Matesanz Silvia, Rubio Teso María Luisa, García-Fernández Alfredo, Escudero Adrián
Área de Biodiversidad y Conservación, Departamento de Biología y Geología, Física y Química Inorgánica, Universidad Rey Juan CarlosMóstoles, Spain.
Front Plant Sci. 2017 May 26;8:843. doi: 10.3389/fpls.2017.00843. eCollection 2017.

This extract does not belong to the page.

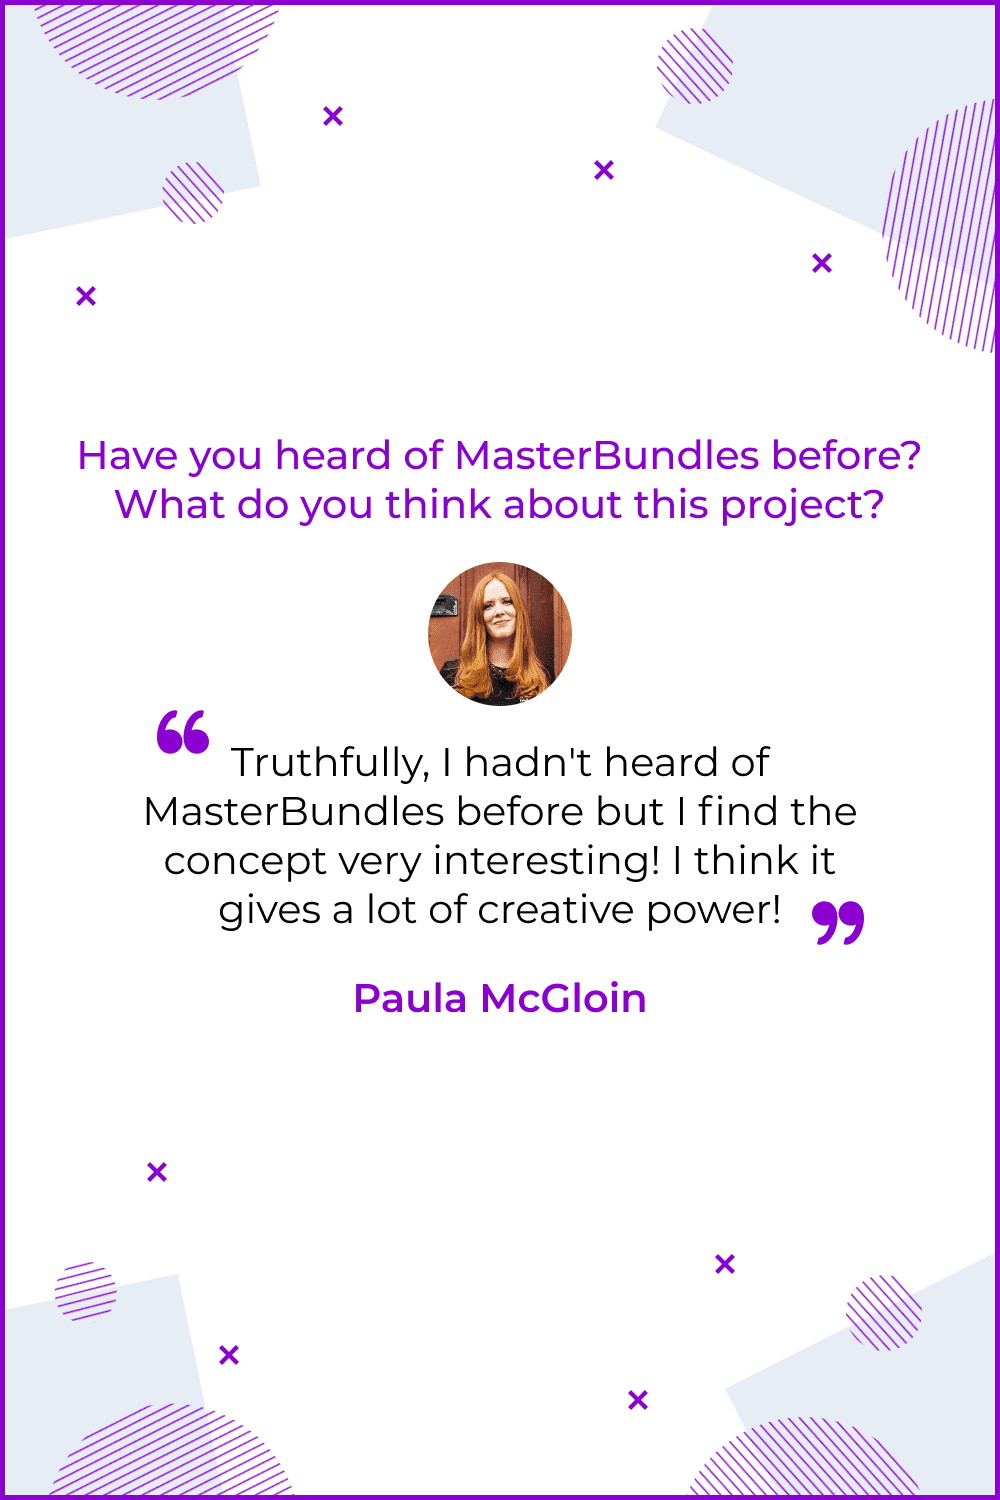 Paula McGloin quote.

Habitat fragmentation, i.e., fragment size and isolation, can differentially alter patterns of neutral and quantitative genetic variation, fitness and phenotypic plasticity of plant populations, but their effects have rarely been tested simultaneously. We assessed the combined effects of size and connectivity on these aspects of genetic and phenotypic variation in populations of , a narrow endemic gypsophile that previously showed performance differences associated with fragmentation. We grew 111 maternal families sampled from 10 populations that differed in their fragment size and connectivity in a common garden, and characterized quantitative genetic variation, phenotypic plasticity to drought for key functional traits, and plant survival, as a measure of population fitness. We also assessed neutral genetic variation within and among populations using eight microsatellite markers. Although is a narrow endemic gypsophile, we found substantial neutral genetic variation and quantitative variation for key functional traits. The partition of genetic variance indicated that a higher proportion of variation was found within populations, which is also consistent with low population differentiation in molecular markers, functional traits and their plasticity. This, combined with the generally small effect of habitat fragmentation suggests that gene flow among populations is not restricted, despite large differences in fragment size and isolation. Importantly, population's similarities in genetic variation and plasticity did not reflect the lower survival observed in isolated populations. Overall, our results indicate that, although the species consists of genetically variable populations able to express functional plasticity, such aspects of adaptive potential may not always reflect populations' survival. Given the differential effects of habitat connectivity on functional traits, genetic variation and fitness, our study highlights the need to shift the focus of fragmentation studies to the mechanisms that regulate connectivity effects, and call for caution on the use of genetic variation and plasticity to forecast population performance.
生境破碎化,即碎片大小和隔离程度,能够以不同方式改变植物种群中性和数量遗传变异、适合度以及表型可塑性的模式,但其影响很少同时得到检验。我们评估了大小和连通性对一种狭域特有喜钙植物种群遗传和表型变异这些方面的综合影响,该植物先前表现出与破碎化相关的性能差异。我们在一个共同园圃中种植了从10个种群采集的111个母系家系,这些种群在碎片大小和连通性方面存在差异,并对数量遗传变异、关键功能性状对干旱的表型可塑性以及作为种群适合度衡量指标的植物存活率进行了表征。我们还使用8个微卫星标记评估了种群内和种群间的中性遗传变异。尽管该植物是一种狭域特有喜钙植物,但我们发现关键功能性状存在大量中性遗传变异和数量变异。遗传方差的划分表明,在种群内发现了更高比例的变异,这也与分子标记、功能性状及其可塑性方面较低的种群分化相一致。这一点,再加上生境破碎化通常较小的影响,表明尽管碎片大小和隔离程度存在很大差异,但种群间的基因流动并未受到限制。重要的是,种群在遗传变异和可塑性方面的相似性并未反映出在隔离种群中观察到的较低存活率。总体而言,我们的结果表明,尽管该物种由能够表现出功能可塑性的遗传可变种群组成,但这种适应潜力的方面可能并不总是反映种群的存活率。鉴于生境连通性对功能性状、遗传变异和适合度的不同影响,我们的研究强调需要将破碎化研究的重点转移到调节连通性效应的机制上,并呼吁在使用遗传变异和可塑性来预测种群表现时要谨慎。